Acute Oral Toxicity and Hypoglycemic Activity of Artocarpus odoratissimusBlanco (Moraceae) fruit extractQuerequincia Joseph Mari B1,2*, Tongol Kay Ann J2 and Vasquez Ross D2,3
2The Graduate School, University of Santo Tomas, España Boulevard, Manila, Philippines
3Research Center for Natural and Applied Sciences, University of Santo Tomas, España Boulevard, Manila, Philippines
Querequincia Joseph Mari B, Pharmacy Department, San Pedro College, Davao City, Philippines, Email: [email protected]
Received Date: Jul 20, 2020 / Accepted Date: Aug 18, 2020 / Published Date: Aug 28, 2020
Most of the plant species of the genus Artocarpus have polyphenolic compounds. A native plant species of the said genus is Artocarpus odoratissimus Blanco. There is less scientific evidence about its medicinal properties. This study determined the preliminary toxicity and hypoglycemic property of the dichloromethane semi-crude fruit extract of Artocarpus odoratissimus. The semi-crude extract sample was obtained through fractionation of the ethanolic extract. The acute oral toxicity testing was done through OECD guidelines for the main 425 test, and Sprague Dawley rat model was used in the in vivo hypoglycemic bioassay. It was found out that the extracted sample was non-toxic up to 2000 mg/kg BW of test animals. Doses of 250 mg/kg, 500 mg/kg, and 2000 mg/kg showed a time-dependent lowering of mean blood glucose levels of the test animals after 21 days of treatment period. The 250 mg/kg and 500 mg/kg doses showed minimal glucose-lowering activity. The high dose of the extract has comparable hypoglycemic activity with the positive control, Acarbose (10 mg/kg BW). Thus, the extract sample possess hypoglycemic activity through rodent animal models.

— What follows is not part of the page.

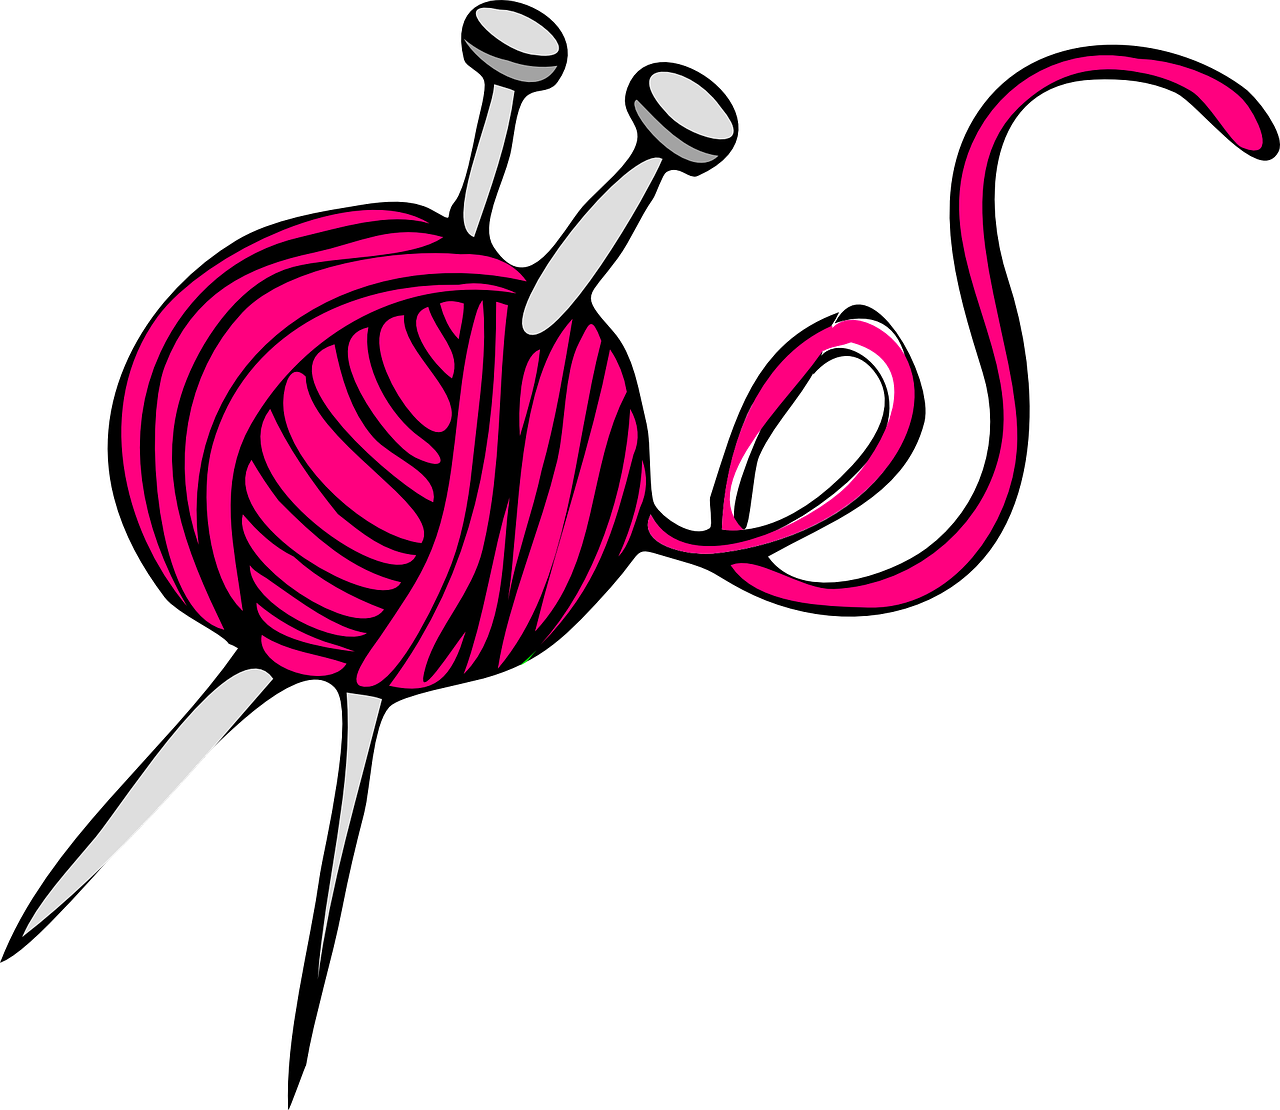 pink knit yarn free photo

Artocarpus odoratissimus, Acute Oral Toxicity, Hypoglycemic, Acarbose
One of the sources of medicinal agents would come from plants. Fifty plant species belong to the genus Artocarpus which is under the Moraceae family. Most of these plant species contain polyphenolic compounds that are deemed to possess biological activities. The most popular plant species of this genus is Artocarpus heterophyllus which has established medicinal properties such as hypoglycemic activity. A native plant species of the genus Artocarpus in the Philippines is Artocarpus odoratissimus Blanco. It is locally known as Marang and Tarap. It is a tree that grows at the height of not more than 25 m. Its leaves are alternate, ovate, glossy in appearance and dark-green in color. Flowers have stiff spikes and have conical heads. The fruit is subglobose up to 20 cm in diameter green-yellow in color with hairy processes, seeds are embedded in pulp. The pulp flesh is white, edible, and fragrant . It contains polyphenolic compounds such as flavonoids, other plant sterol compounds and jacalin .

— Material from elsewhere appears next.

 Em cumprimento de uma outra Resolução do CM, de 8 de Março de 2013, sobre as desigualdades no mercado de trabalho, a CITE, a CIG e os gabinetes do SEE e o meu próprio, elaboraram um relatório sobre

Studies on its medicinal uses are limited. Due to this reason, this present study assessed its acute oral toxicity and therapeutic potential, particularly its hypoglycemic activity. Alloxan trihydrate was utilized as the inducing agent for hyperglycemia which causes selective necrosis of the beta cells in the Islets of Langerhan of the pancreas therefore leading to Type I-Diabetes mellitus in rodent animal models .
Material and Methods
Chemicals and reagents
Ethanol, 95% (RCI Labscan, Thailand), Dichloromethane (RCI Labscan, Thailand), Hexane (RCI Labscan, Thailand), n-Butanol (RCI Labscan, Thailand), Acarbose (Sigma-Aldrich, Singapore) and Alloxan trihydrate (Hi-media, India) were purchased from Bellman Corporation. Clinical chemistry kit glucose liquicolor (HUMAN Diagnostics, Germany) was procured from Biocare Health Resources.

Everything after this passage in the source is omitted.